**WHAT TO WORK ON**. Set down, please, exactly the lines below that run from the line with "С гол в последната" to the line with "Skyline - Antica", both lines included.

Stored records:
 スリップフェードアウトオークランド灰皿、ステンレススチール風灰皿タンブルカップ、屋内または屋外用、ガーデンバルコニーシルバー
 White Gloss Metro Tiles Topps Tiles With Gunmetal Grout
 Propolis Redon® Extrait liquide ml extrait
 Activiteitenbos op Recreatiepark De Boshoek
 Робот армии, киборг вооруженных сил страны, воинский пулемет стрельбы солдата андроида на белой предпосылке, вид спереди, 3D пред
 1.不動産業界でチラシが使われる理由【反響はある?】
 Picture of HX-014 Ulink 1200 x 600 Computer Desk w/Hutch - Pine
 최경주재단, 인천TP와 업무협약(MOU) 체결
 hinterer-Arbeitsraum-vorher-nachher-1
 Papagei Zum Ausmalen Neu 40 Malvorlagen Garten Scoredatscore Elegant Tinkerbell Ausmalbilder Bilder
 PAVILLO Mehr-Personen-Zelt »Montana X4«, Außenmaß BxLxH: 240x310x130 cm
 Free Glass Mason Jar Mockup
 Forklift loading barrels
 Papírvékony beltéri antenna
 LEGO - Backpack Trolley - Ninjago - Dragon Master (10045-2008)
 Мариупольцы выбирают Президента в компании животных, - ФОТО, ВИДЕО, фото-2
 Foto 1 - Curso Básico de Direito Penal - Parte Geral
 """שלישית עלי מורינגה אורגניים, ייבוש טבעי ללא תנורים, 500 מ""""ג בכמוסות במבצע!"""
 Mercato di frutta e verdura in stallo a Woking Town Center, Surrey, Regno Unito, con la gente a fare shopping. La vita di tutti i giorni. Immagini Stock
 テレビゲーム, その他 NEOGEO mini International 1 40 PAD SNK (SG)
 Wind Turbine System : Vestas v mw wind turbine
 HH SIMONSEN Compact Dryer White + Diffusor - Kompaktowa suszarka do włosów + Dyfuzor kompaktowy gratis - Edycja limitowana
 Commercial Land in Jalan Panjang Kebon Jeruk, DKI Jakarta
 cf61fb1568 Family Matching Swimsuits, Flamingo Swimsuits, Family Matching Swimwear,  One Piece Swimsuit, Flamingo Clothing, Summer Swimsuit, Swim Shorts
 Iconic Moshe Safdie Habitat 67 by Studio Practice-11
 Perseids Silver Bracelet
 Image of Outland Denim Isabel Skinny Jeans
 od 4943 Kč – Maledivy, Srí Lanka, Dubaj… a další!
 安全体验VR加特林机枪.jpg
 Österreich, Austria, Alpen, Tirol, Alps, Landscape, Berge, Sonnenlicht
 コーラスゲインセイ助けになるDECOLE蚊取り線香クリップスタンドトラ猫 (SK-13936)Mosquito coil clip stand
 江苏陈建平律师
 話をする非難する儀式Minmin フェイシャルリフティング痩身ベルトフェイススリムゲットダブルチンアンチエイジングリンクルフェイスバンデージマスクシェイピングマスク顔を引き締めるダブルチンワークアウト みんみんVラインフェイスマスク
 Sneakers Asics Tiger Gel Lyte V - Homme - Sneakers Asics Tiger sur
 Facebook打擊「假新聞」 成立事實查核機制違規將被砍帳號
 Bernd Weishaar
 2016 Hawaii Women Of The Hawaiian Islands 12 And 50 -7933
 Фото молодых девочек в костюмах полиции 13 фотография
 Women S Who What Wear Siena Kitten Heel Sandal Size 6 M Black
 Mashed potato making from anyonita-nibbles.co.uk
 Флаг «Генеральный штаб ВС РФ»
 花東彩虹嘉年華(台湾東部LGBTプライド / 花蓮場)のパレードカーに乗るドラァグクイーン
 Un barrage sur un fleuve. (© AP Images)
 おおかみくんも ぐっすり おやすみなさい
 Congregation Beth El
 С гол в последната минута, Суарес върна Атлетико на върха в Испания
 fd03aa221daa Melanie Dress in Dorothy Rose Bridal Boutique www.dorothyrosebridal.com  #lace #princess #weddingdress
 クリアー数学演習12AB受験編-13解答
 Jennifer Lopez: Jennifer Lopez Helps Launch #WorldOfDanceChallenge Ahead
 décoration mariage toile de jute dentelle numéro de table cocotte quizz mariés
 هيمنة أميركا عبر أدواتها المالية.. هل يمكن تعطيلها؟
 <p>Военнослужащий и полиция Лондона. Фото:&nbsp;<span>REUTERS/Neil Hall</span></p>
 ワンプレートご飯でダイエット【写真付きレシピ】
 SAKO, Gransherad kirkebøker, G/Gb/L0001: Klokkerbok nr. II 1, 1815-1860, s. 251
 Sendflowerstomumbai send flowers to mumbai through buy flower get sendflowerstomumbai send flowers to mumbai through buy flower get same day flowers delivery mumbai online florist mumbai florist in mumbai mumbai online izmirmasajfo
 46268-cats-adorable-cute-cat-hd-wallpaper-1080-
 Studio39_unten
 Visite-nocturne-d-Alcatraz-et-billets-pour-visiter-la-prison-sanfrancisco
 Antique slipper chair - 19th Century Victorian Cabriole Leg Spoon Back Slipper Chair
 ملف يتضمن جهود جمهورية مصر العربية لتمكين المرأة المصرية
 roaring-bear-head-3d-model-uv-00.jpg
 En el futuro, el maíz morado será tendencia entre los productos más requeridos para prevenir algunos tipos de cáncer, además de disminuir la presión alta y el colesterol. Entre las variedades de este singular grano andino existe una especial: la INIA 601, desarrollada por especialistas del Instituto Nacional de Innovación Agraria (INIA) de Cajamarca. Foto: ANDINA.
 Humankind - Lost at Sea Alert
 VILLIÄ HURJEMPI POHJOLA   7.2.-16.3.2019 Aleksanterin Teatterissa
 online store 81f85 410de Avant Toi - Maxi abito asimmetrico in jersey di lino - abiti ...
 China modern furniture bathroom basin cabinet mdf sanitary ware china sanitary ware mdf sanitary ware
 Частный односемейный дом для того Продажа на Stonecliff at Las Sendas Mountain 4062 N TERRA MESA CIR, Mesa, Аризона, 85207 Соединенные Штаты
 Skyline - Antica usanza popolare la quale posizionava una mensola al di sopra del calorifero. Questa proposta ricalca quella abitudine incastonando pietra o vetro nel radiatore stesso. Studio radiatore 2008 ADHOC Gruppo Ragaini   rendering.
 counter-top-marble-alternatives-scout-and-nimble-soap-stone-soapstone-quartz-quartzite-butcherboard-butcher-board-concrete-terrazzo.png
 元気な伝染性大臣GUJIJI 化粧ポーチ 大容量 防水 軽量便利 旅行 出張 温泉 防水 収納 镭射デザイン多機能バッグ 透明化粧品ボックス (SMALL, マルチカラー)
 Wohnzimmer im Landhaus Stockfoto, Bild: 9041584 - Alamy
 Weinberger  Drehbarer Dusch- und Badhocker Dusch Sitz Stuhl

**ANSWER AREA**.
 С гол в последната минута, Суарес върна Атлетико на върха в Испания
 fd03aa221daa Melanie Dress in Dorothy Rose Bridal Boutique www.dorothyrosebridal.com  #lace #princess #weddingdress
 クリアー数学演習12AB受験編-13解答
 Jennifer Lopez: Jennifer Lopez Helps Launch #WorldOfDanceChallenge Ahead
 décoration mariage toile de jute dentelle numéro de table cocotte quizz mariés
 هيمنة أميركا عبر أدواتها المالية.. هل يمكن تعطيلها؟
 <p>Военнослужащий и полиция Лондона. Фото:&nbsp;<span>REUTERS/Neil Hall</span></p>
 ワンプレートご飯でダイエット【写真付きレシピ】
 SAKO, Gransherad kirkebøker, G/Gb/L0001: Klokkerbok nr. II 1, 1815-1860, s. 251
 Sendflowerstomumbai send flowers to mumbai through buy flower get sendflowerstomumbai send flowers to mumbai through buy flower get same day flowers delivery mumbai online florist mumbai florist in mumbai mumbai online izmirmasajfo
 46268-cats-adorable-cute-cat-hd-wallpaper-1080-
 Studio39_unten
 Visite-nocturne-d-Alcatraz-et-billets-pour-visiter-la-prison-sanfrancisco
 Antique slipper chair - 19th Century Victorian Cabriole Leg Spoon Back Slipper Chair
 ملف يتضمن جهود جمهورية مصر العربية لتمكين المرأة المصرية
 roaring-bear-head-3d-model-uv-00.jpg
 En el futuro, el maíz morado será tendencia entre los productos más requeridos para prevenir algunos tipos de cáncer, además de disminuir la presión alta y el colesterol. Entre las variedades de este singular grano andino existe una especial: la INIA 601, desarrollada por especialistas del Instituto Nacional de Innovación Agraria (INIA) de Cajamarca. Foto: ANDINA.
 Humankind - Lost at Sea Alert
 VILLIÄ HURJEMPI POHJOLA   7.2.-16.3.2019 Aleksanterin Teatterissa
 online store 81f85 410de Avant Toi - Maxi abito asimmetrico in jersey di lino - abiti ...
 China modern furniture bathroom basin cabinet mdf sanitary ware china sanitary ware mdf sanitary ware
 Частный односемейный дом для того Продажа на Stonecliff at Las Sendas Mountain 4062 N TERRA MESA CIR, Mesa, Аризона, 85207 Соединенные Штаты
 Skyline - Antica usanza popolare la quale posizionava una mensola al di sopra del calorifero. Questa proposta ricalca quella abitudine incastonando pietra o vetro nel radiatore stesso. Studio radiatore 2008 ADHOC Gruppo Ragaini   rendering.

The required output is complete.